## Preamble

### Project Template

In [None]:
%load_ext autoreload

In [None]:
import os as _os

_os.chdir(_os.environ["PROJECT_ROOT"])
_os.path.realpath(_os.path.curdir)

### Imports

In [None]:
import os
import subprocess
import sys
import time
from datetime import datetime
from glob import glob
from itertools import chain, product
from tempfile import mkstemp

import matplotlib as mpl
import matplotlib.pyplot as plt
import numpy as np
import pandas as pd
import scipy as sp
from scipy.spatial.distance import pdist, squareform
import seaborn as sns
import sfacts as sf
import statsmodels.api as sm
import statsmodels.formula.api as smf
import xarray as xr
from mpl_toolkits.axes_grid1 import make_axes_locatable
import mpltern

from statsmodels.stats.multitest import fdrcorrection
from tqdm import tqdm

import lib.plot
from lib.dissimilarity import load_dmat_as_pickle
from lib.pandas_util import align_indexes, aligned_index, idxwhere, invert_mapping

In [None]:
import lib.thisproject.data

### Set Style

In [None]:
sns.set_context("talk")
plt.rcParams["figure.dpi"] = 100

In [None]:
genome_type_palette = {"SPGC": "tab:green", "MAG": "tab:orange", "Isolate": "tab:blue", "Ref": "black"}

## Data Setup

### Metadata

In [None]:
species_list = (
    pd.read_table("meta/species_group.tsv")[
        lambda x: x.species_group_id == "hmp2"
    ]
    .species_id.astype(str)
    .unique()
)

In [None]:
def parse_taxonomy_string(taxonomy_string):
    values = taxonomy_string.split(";")
    return pd.Series(values, index=["d__", "p__", "c__", "o__", "f__", "g__", "s__"])

In [None]:
species_taxonomy_inpath = "ref/uhgg_genomes_all_v2.tsv"

species_taxonomy = (
    pd.read_table(species_taxonomy_inpath)[lambda x: x.Genome == x.Species_rep]
    .assign(species_id=lambda x: "1" + x.MGnify_accession.str.split("-").str[2])
    .set_index("species_id")
    .Lineage.apply(parse_taxonomy_string)
)
species_taxonomy

In [None]:
phylum_order0 = sorted(species_taxonomy.p__.unique())

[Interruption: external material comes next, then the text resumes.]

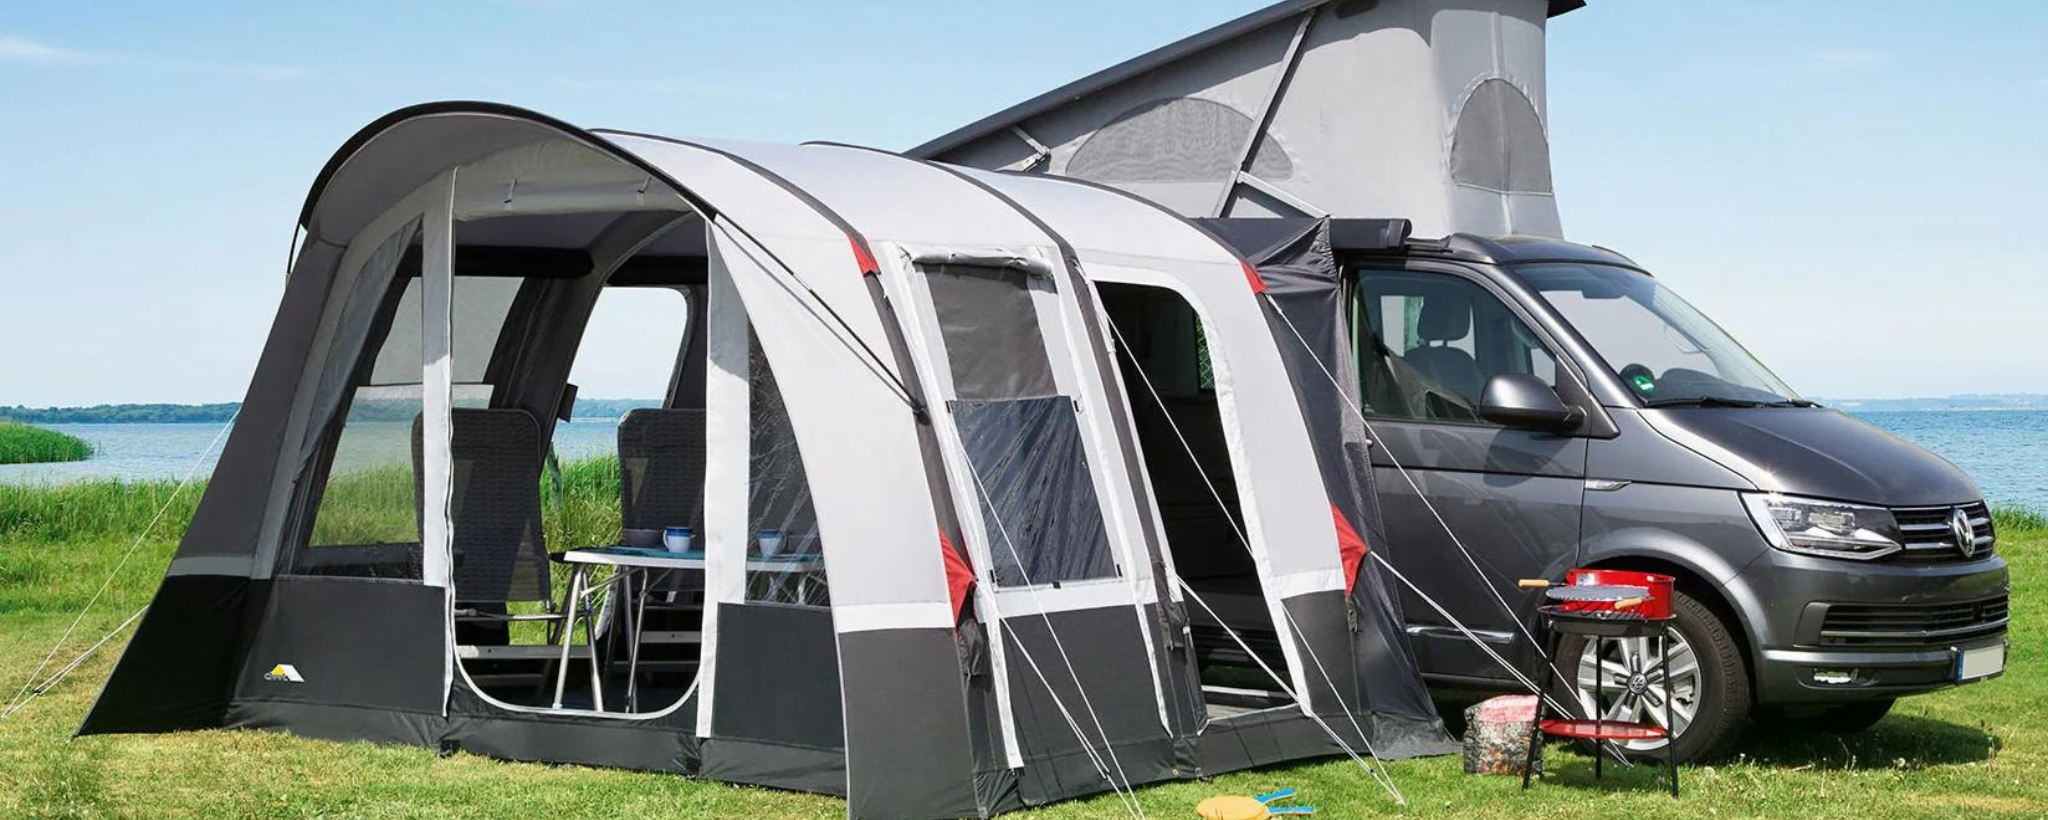 DWT Zelt, DWT Zelte, DWT Zelte Camping Neuss, DWT Zelt kaufen
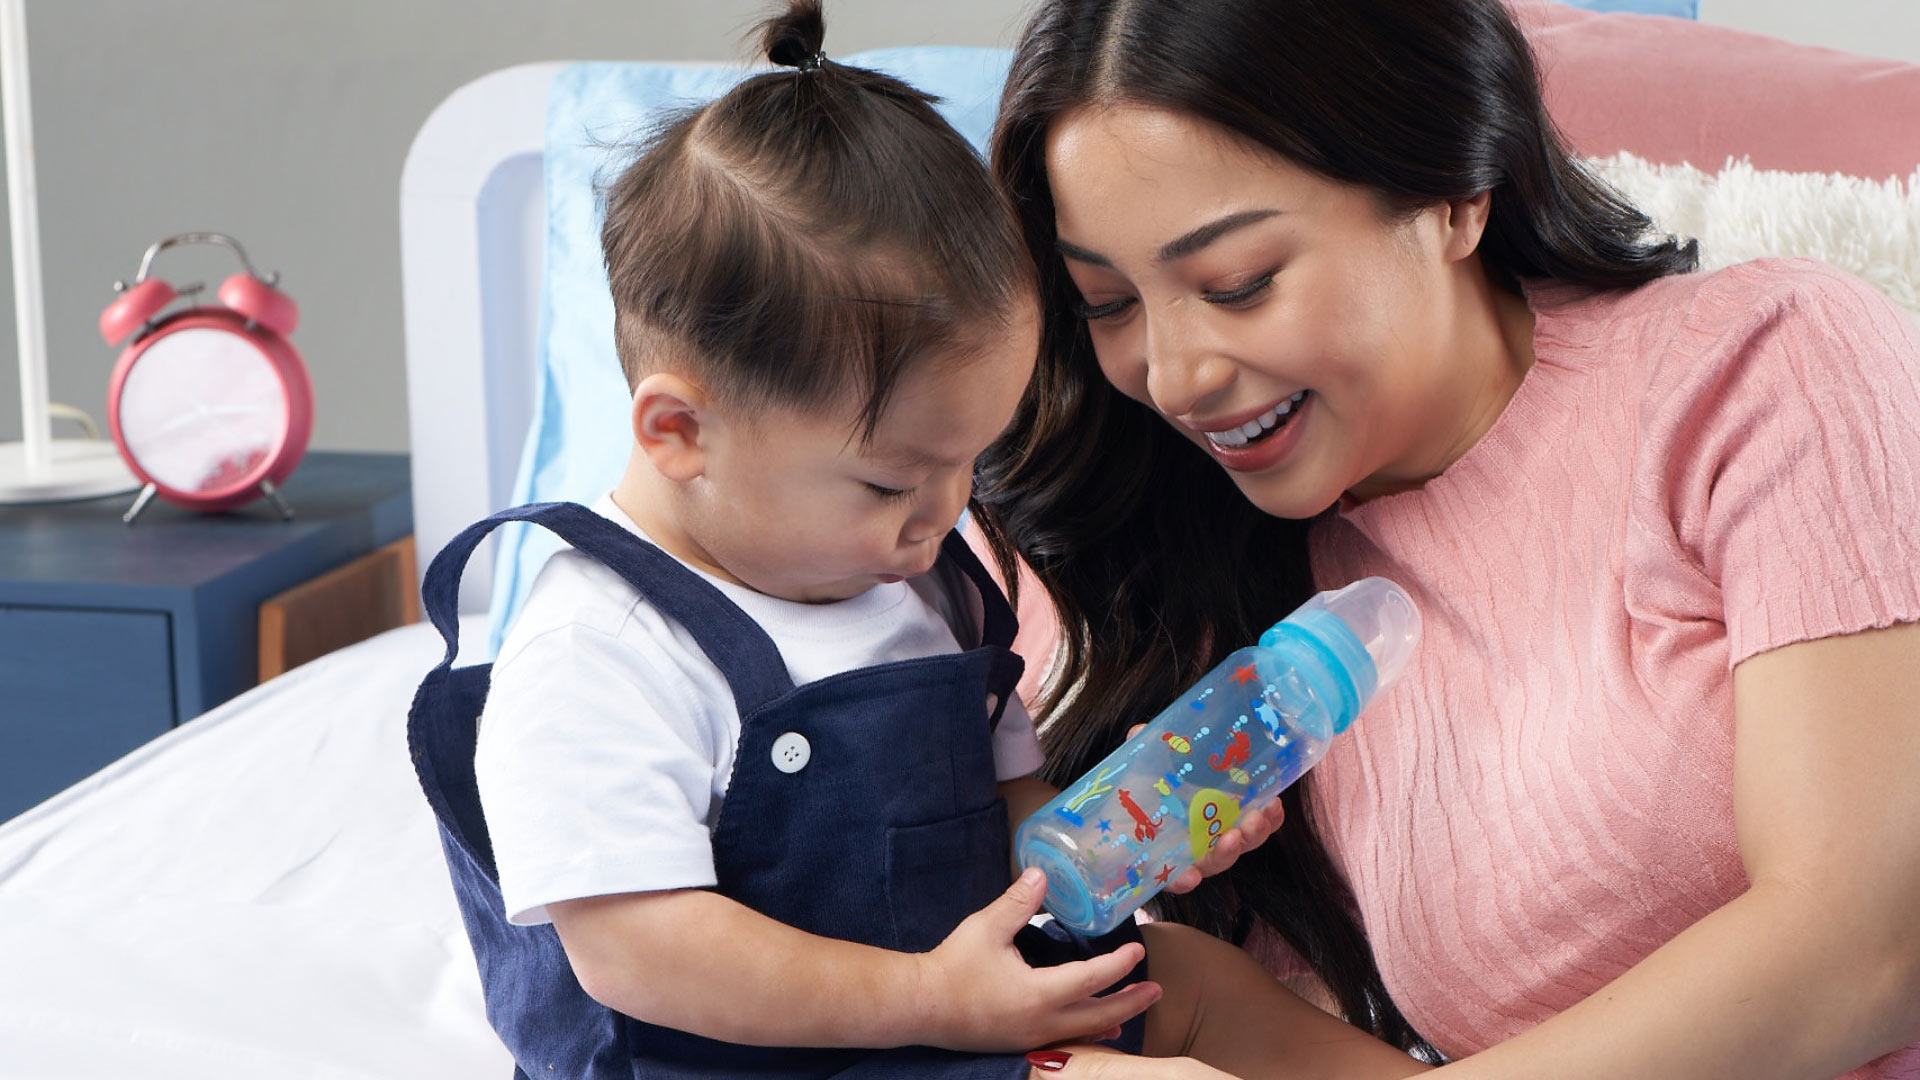 Temukan cara efektif untuk mengatasi sisa aroma lemakk susu menggunakan sabun cuci botol bayi yang aman dan efisien. Baca selengkapnya di sini.

phylum_palette0 = lib.plot.construct_ordered_palette(
    phylum_order0,
    cm="rainbow", desaturate_levels=[1.0, 0.5],
)

for p__ in phylum_order0:
    plt.scatter([], [], color=phylum_palette0[p__], label=p__)
plt.legend(ncols=4)
lib.plot.hide_axes_and_spines()

# assert len(set(phylum_palette.values())) == len((phylum_palette.values()))

### Strain Statistics

In [None]:
def classify_genome(x):
    if (x.genome_type == "Isolate") & x.passes_filter:
        return "isolate"
    elif (x.genome_type == "Isolate") & ~x.passes_filter:
        return "isolate_fails_qc"
    elif (x.genome_type == "MAG") & x.passes_filter:
        return "mag"
    elif (x.genome_type == "MAG") & ~x.passes_filter:
        return "mag_fails_qc"
    elif (x.genome_type == "SPGC") & x.passes_filter:
        return "spgc"
    elif (x.genome_type == "SPGC") & x.passes_geno_positions & x.passes_in_sample_list:
        return "sfacts_only"
    elif (x.genome_type == "SPGC") & ~(
        x.passes_geno_positions & x.passes_in_sample_list
    ):
        return "sfacts_fails_qc"
    else:
        raise ValueError("Genome did not match classification criteria:", x)

In [None]:
filt_stats = []
missing_species = []

_species_list = species_list
# _species_list = ["100003"]

for species in tqdm(_species_list):
    inpath = f"data/group/hmp2/species/sp-{species}/r.proc.gtpro.sfacts-fit.gene99_v15-v22-agg75.spgc-fit.strain_meta_spgc_and_ref.tsv"
    if not os.path.exists(inpath):
        missing_species.append(species)
        continue
    data = pd.read_table(inpath).assign(species=species, inpath=inpath)
    filt_stats.append(data)
filt_stats = pd.concat(filt_stats).assign(
    genome_class=lambda x: x.apply(classify_genome, axis=1)
)

print(
    len(missing_species),
    "out of",
    len(_species_list),
    "species are missing stats.",
)

In [None]:
# Define different subsets of the species:

# All species:
# species_list

# All species with enough positions
species_list0 = filt_stats[lambda x: x.passes_geno_positions].species.unique()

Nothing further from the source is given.